Coincidence, Categorization, and Consolidation: Learning to Recognize Sounds with Minimal Supervision

Aren Jansen

Dan Ellis

Shawn Hershey

R. Channing Moore

Manoj Plakal

Ashok Popat

Rif A. Saurous

Proceedings of ICASSP 2020 (2020) (to appear)

Download Google Scholar

Abstract

Humans do not acquire perceptual abilities like we train machines. While machine learning algorithms typically operate on large collections of randomly-chosen, explicitly-labeled examples, human acquisition relies far greater on multimodal unsupervised learning (as infants) and active learning (as children).

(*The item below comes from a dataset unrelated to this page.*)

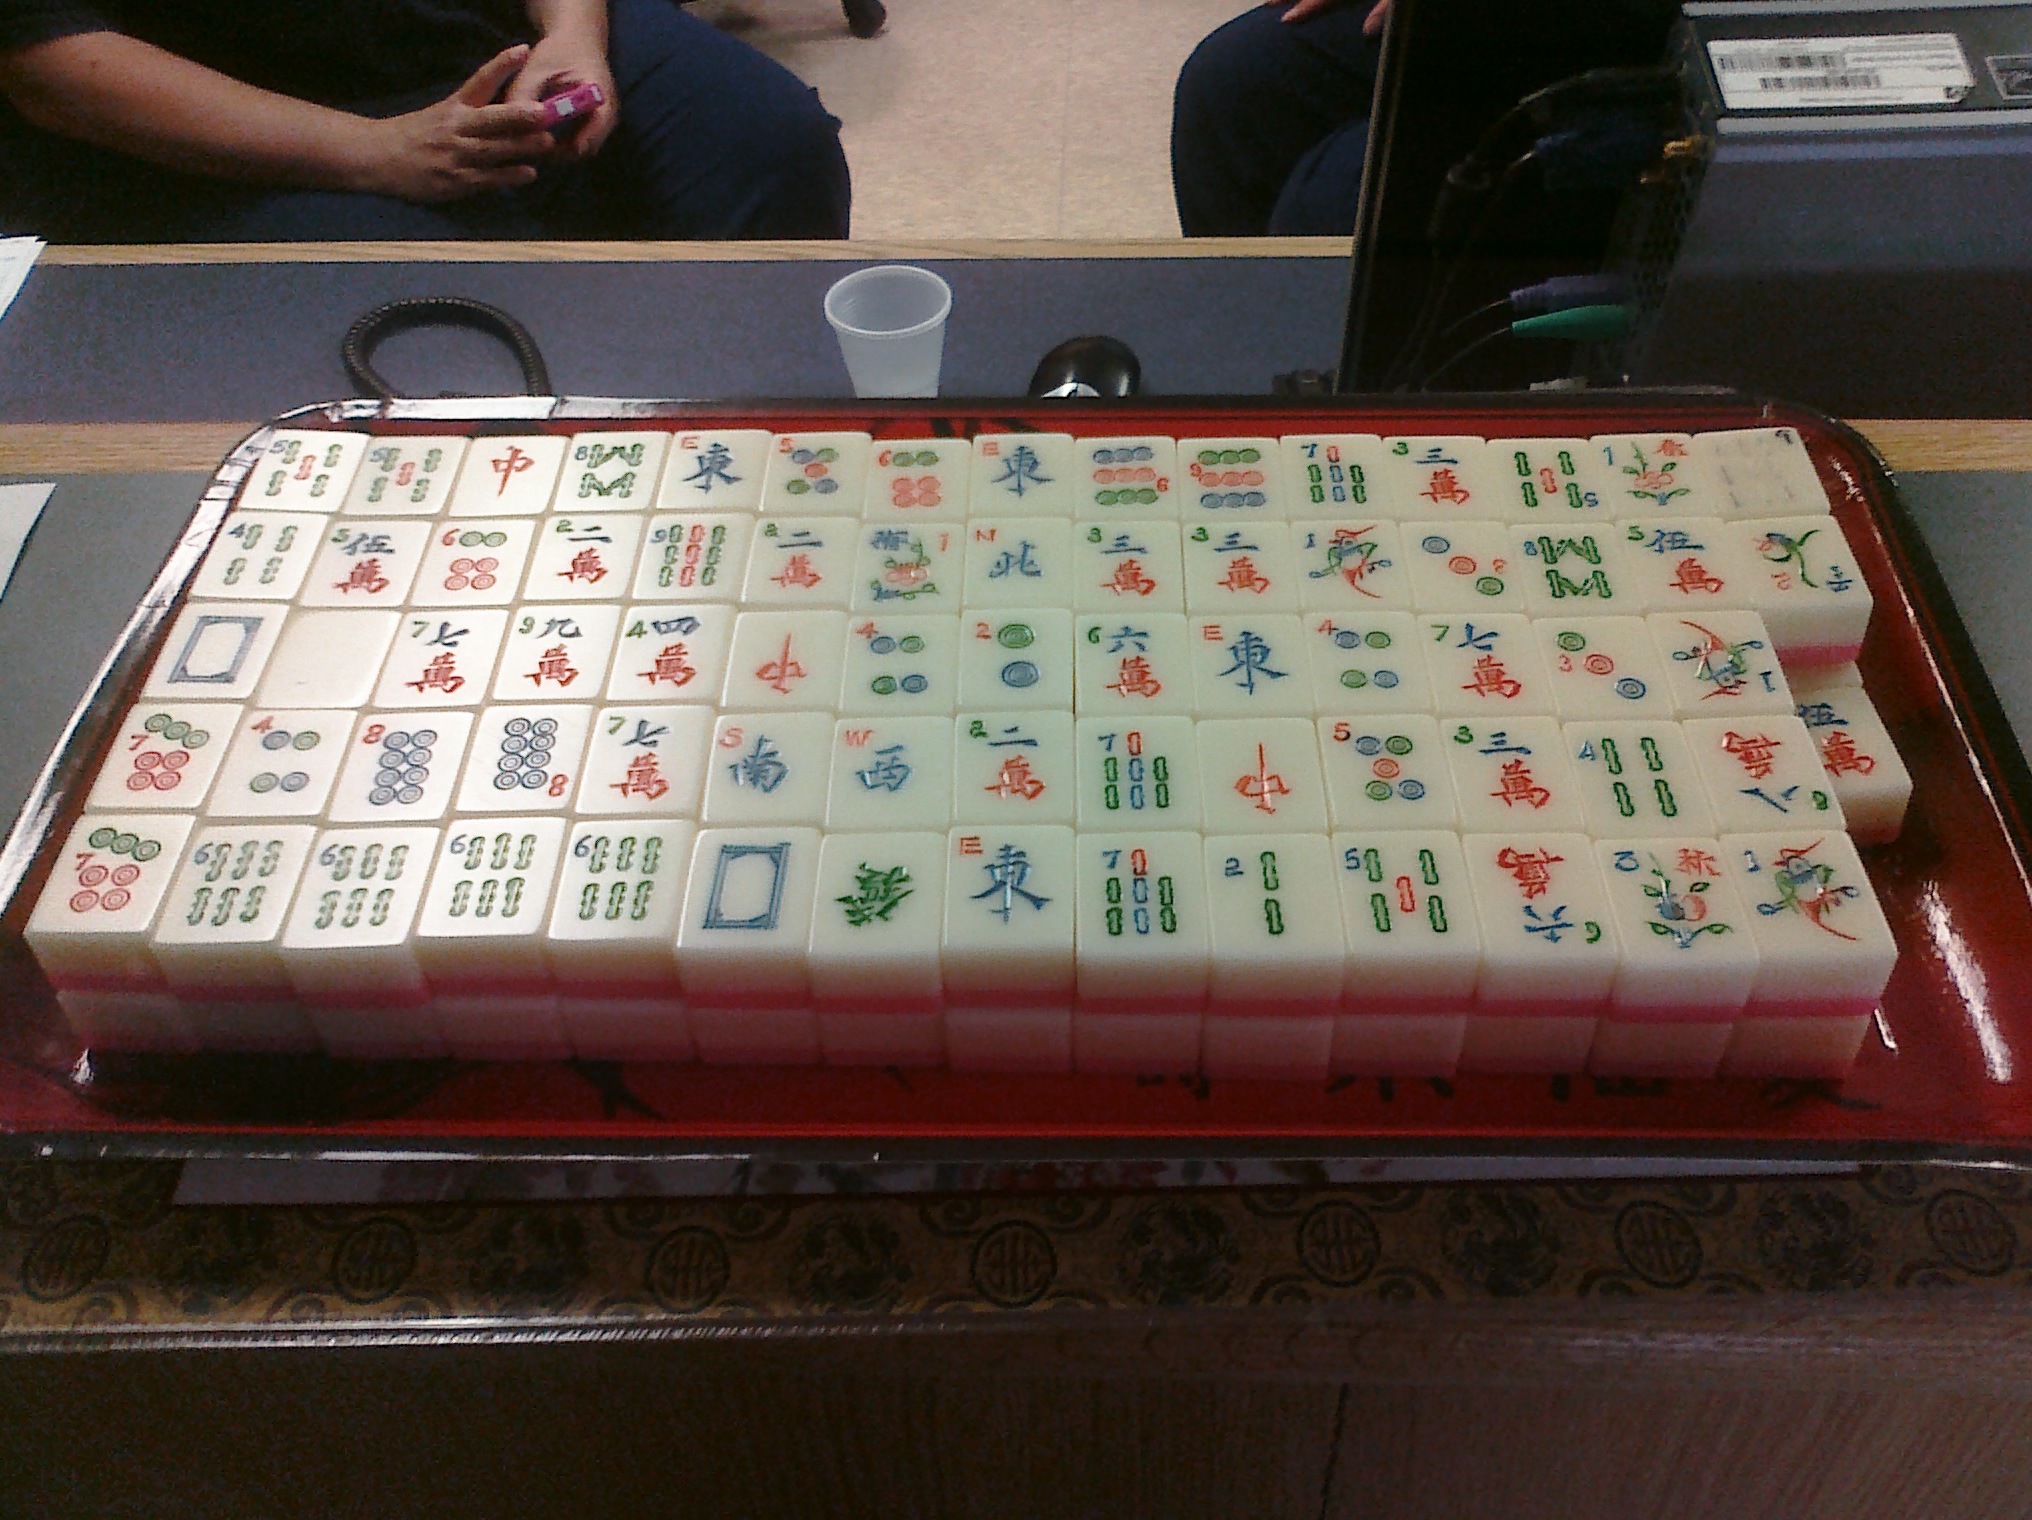 Sweet Mahjong.

With this motivation, we present a learning framework for sound representation and recognition that combines (i) a self-supervised objective based on a general notion of unimodal and cross-modal coincidence, (ii) a novel clustering objective that reflects our need to impose categorical structure on our experiences, and (iii) a cluster-based active learning procedure that solicits targeted weak supervision to consolidate hypothesized categories into relevant semantic classes. By jointly training a single sound embedding/clustering/classification network according to these criteria, we achieve a new state-of-the-art unsupervised audio representation and demonstrate up to 20-fold reduction in labels required to reach a desired classification performance.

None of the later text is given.